Response Quality Bar

  • Lead with the migration safety decision, blockers, or execution plan requested.
  • Cover locks, query plans, backfill throttling, replication lag, verification, and rollback before optional database topics.
  • Make recommendations actionable with checks, stop conditions, and rollback or pause criteria where relevant.
  • Name the details to inspect, such as table size, write rate, lock behavior, replica lag, batch metrics, and validation queries; do not state details you have not seen.
  • Stay technology-agnostic by default: do not introduce provider, product, framework, database, protocol, or command names unless the user supplied them or explicitly requested tool-specific guidance.
  • Stay inside database change execution. Route broader distributed consistency only when semantic consistency is unresolved.
  • Be concise: avoid generic database background and prefer compact phased runbooks.

Required Outputs

  • Database change plan with phases, confirmation points, and rollback checks.
  • Lock, lag, write-amplification, and query-plan risk assessment.
  • Critical-path database risk table covering failover, connection limits, query tail latency, restore readiness, and write behavior.
  • Backfill or maintenance runbook with throttle, pause, abort, and checkpointing.
  • Verification query/invariant plan.
  • Monitoring and alert additions for the change window.
  • Rollback or forward-fix decision record.
  • Cleanup plan with delay, and check.

Checks Before Moving On

  • lock_lag_check: lock behavior, replication lag, and write amplification are assessed.
  • db_critical_path: database behavior on user-critical paths is assessed for failover, connection limits, query tail latency, restore readiness, and write behavior.
  • throttle_abort: batch size, throttle, pause, abort, and confirmation point are defined.
  • verification_check: data correctness verification queries or invariants exist.
  • rollback_check: rollback or forward-fix path is written before execution.
  • cleanup_delay: destructive cleanup is delayed until cutover is verified.

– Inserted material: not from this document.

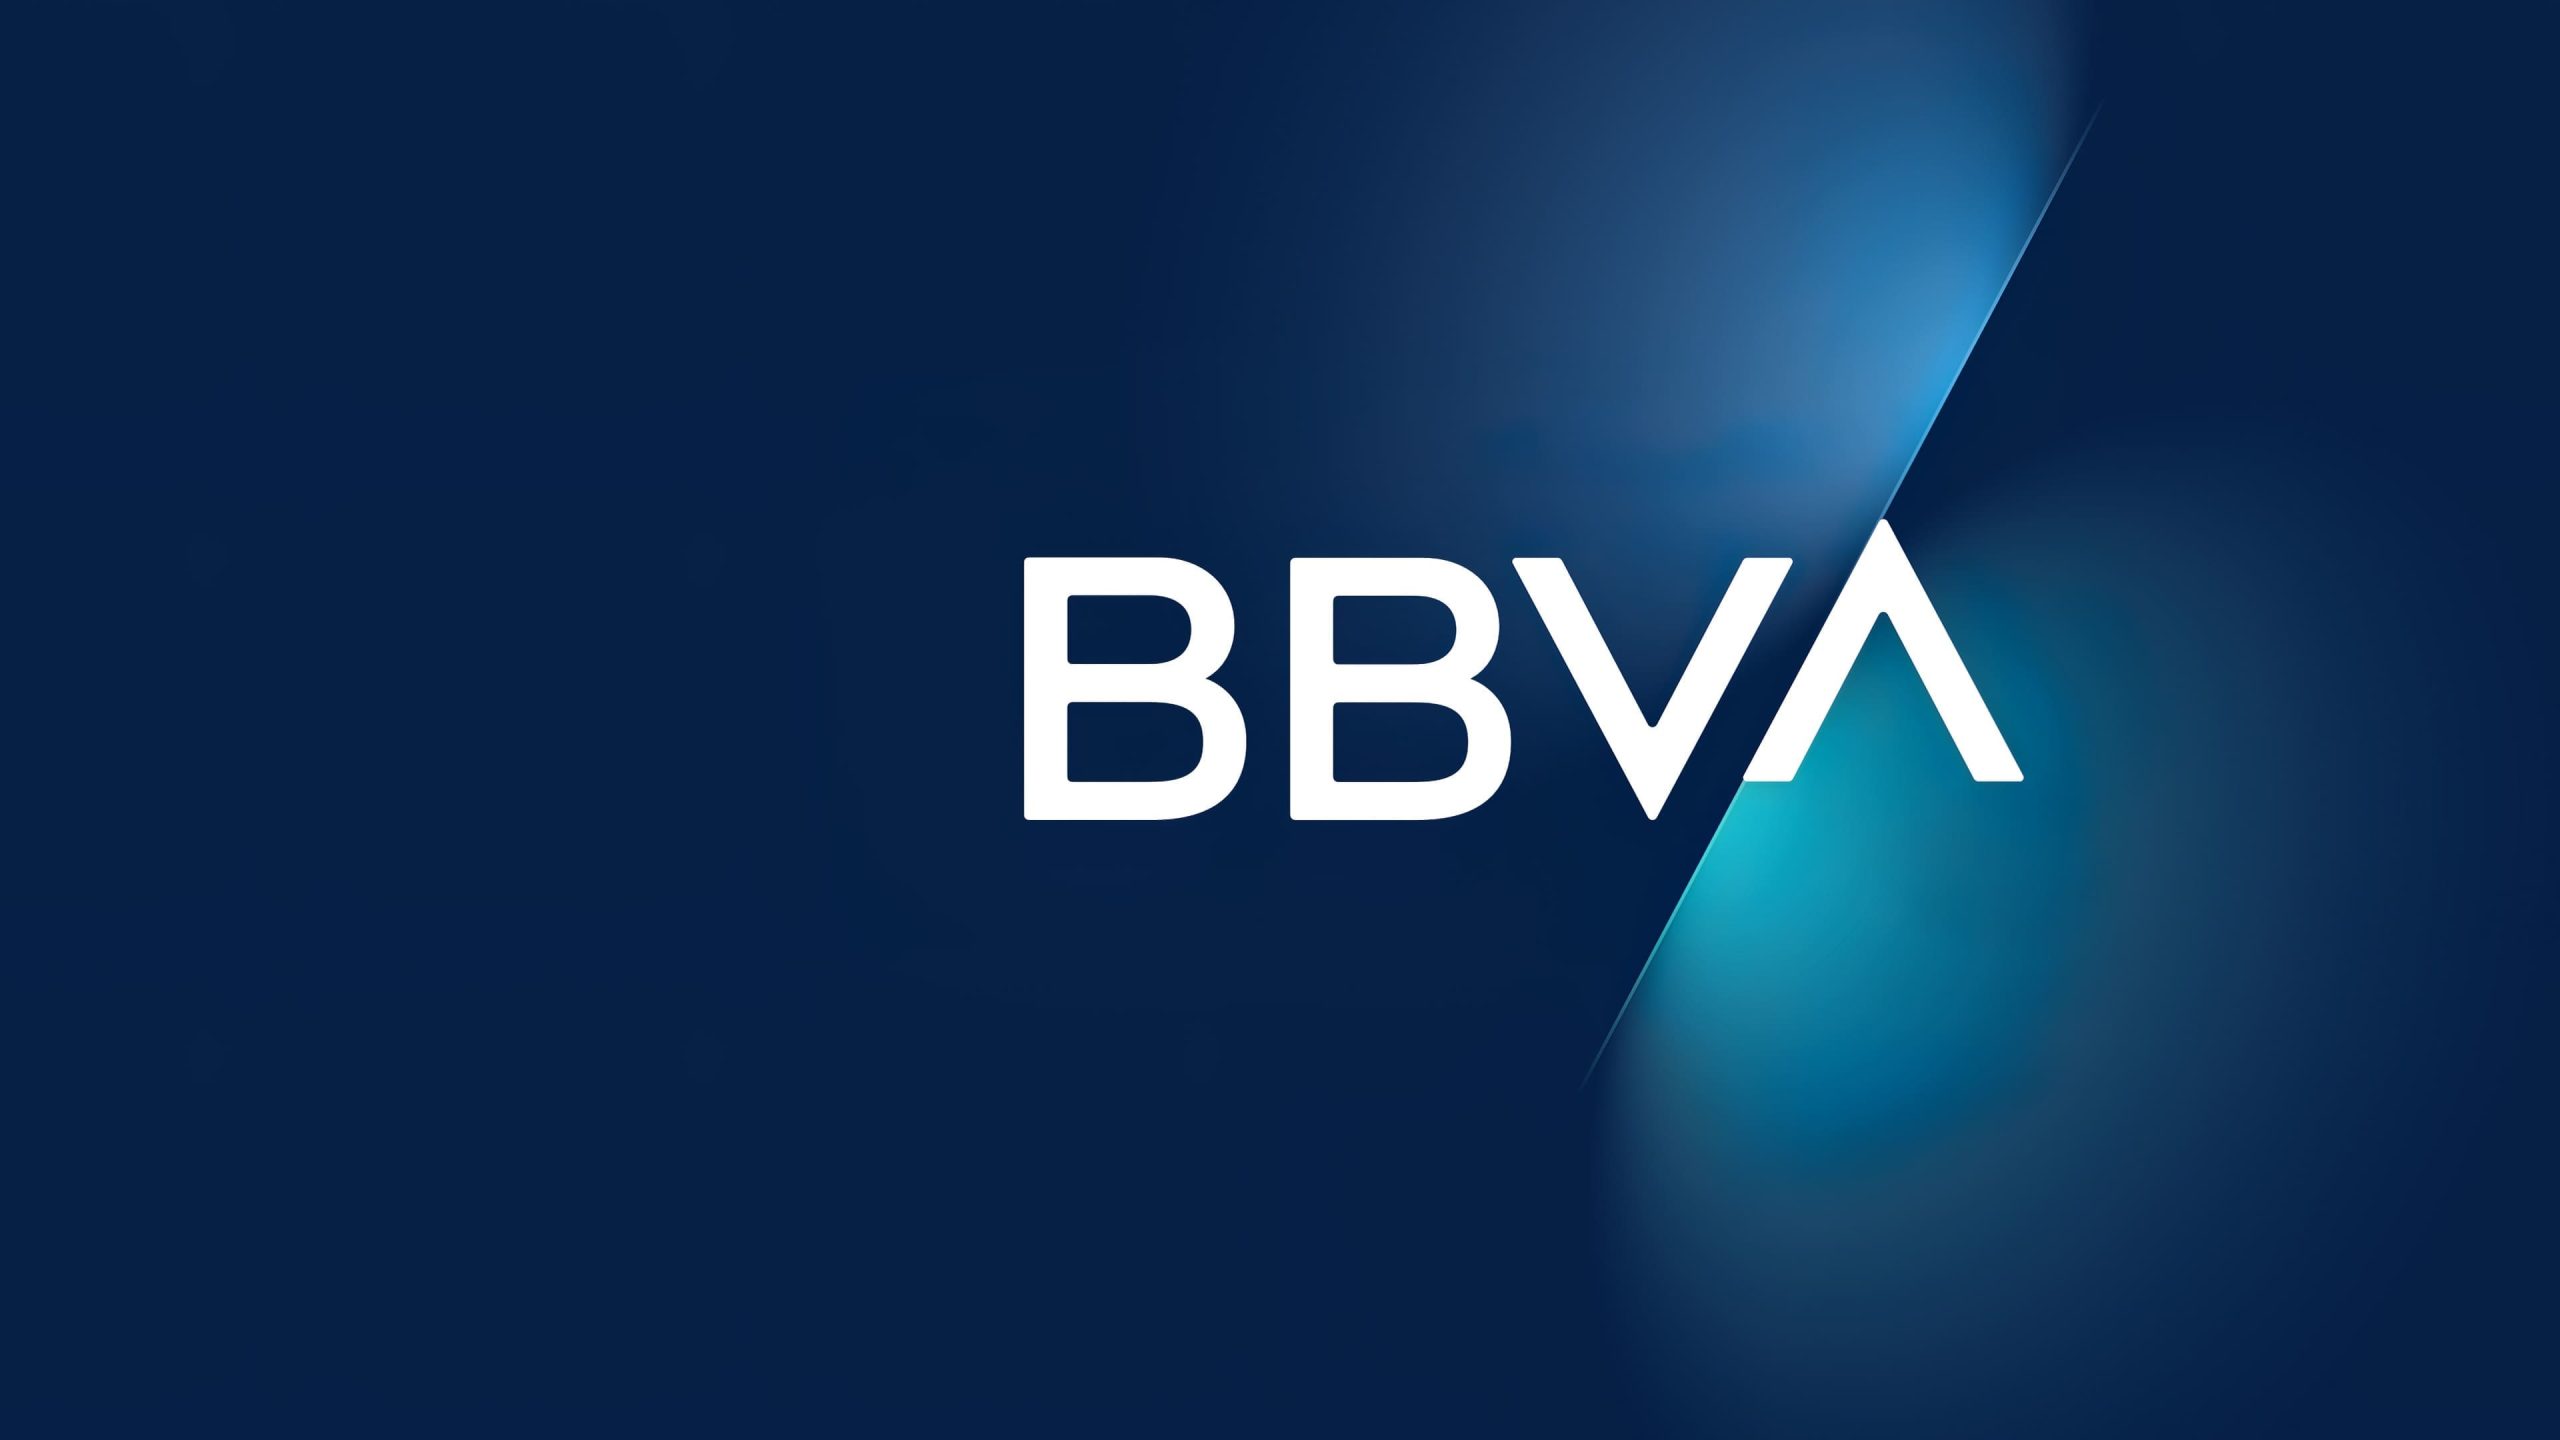 BBVA Швейцария е първата традиционна банка в Европа предлагаща Етериум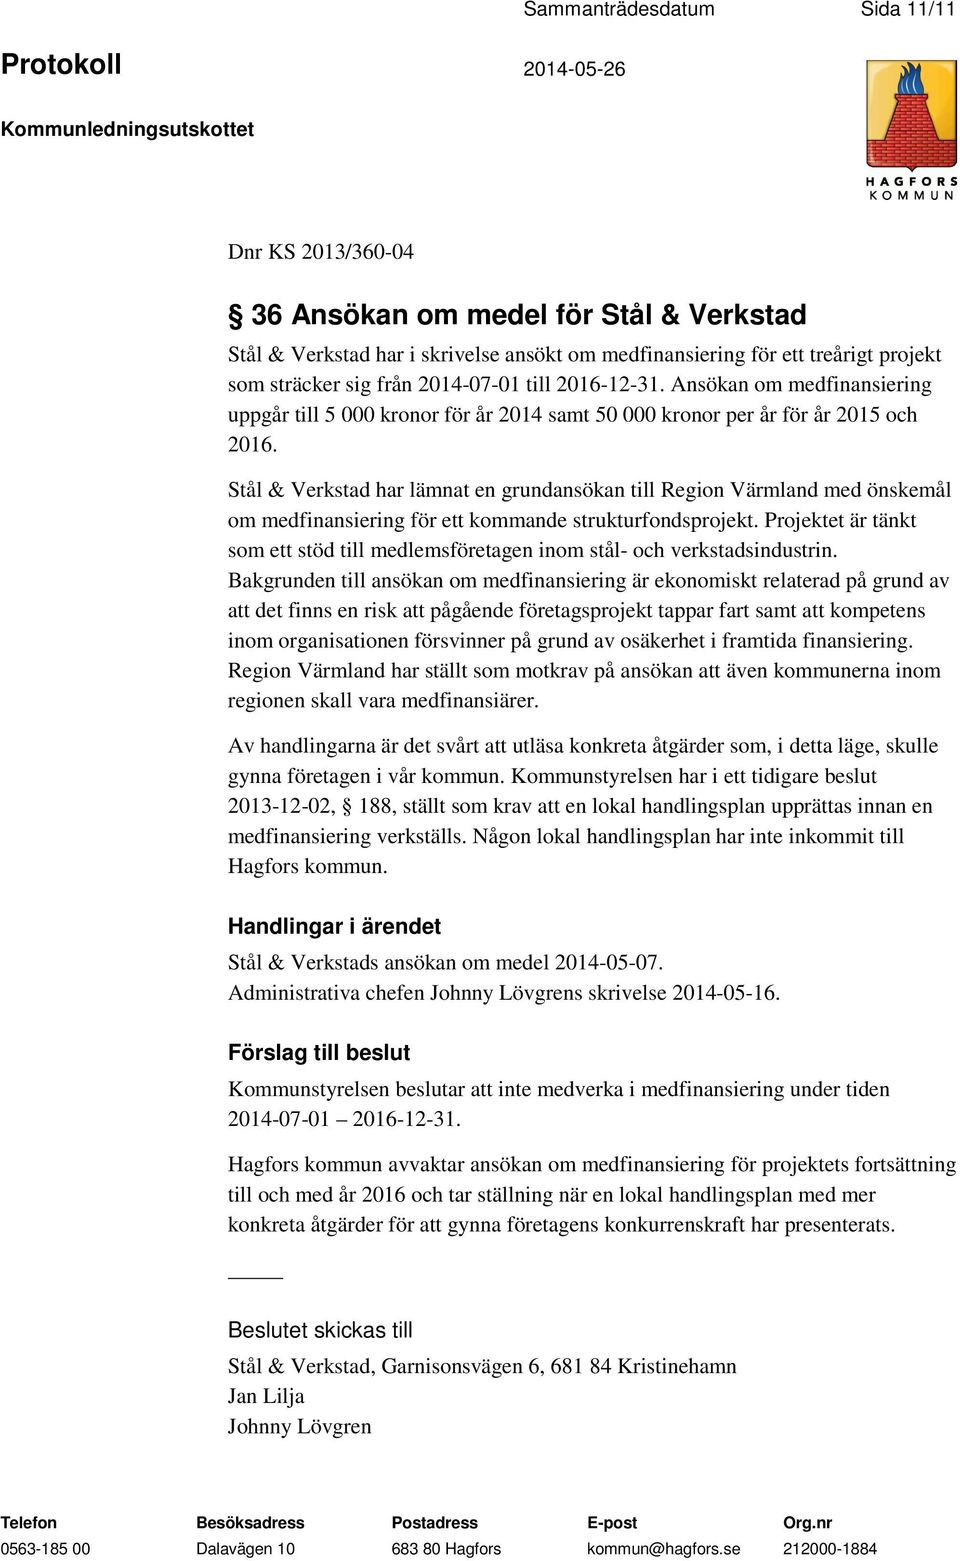 Stål & Verkstad har lämnat en grundansökan till Region Värmland med önskemål om medfinansiering för ett kommande strukturfondsprojekt.

Red Flags - Stop And Rework

  • A migration runs as one unbounded transaction or job.
  • Verification is "job completed" without data correctness checks.
  • Destructive cleanup happens before old and new paths have been compared.
  • Query plans are assumed unchanged after index/schema changes.
  • There is no clear pause or abort mechanism.

Common Mistakes

Mistake Correction
Treating migrations as developer chores Treat them as production releases.
Backfilling too fast Throttle by user impact, lag, locks, and saturation.
Trusting row counts only Add invariants, sampling, and reconciliation.
Removing old paths immediately Delay cleanup until rollback is no longer needed.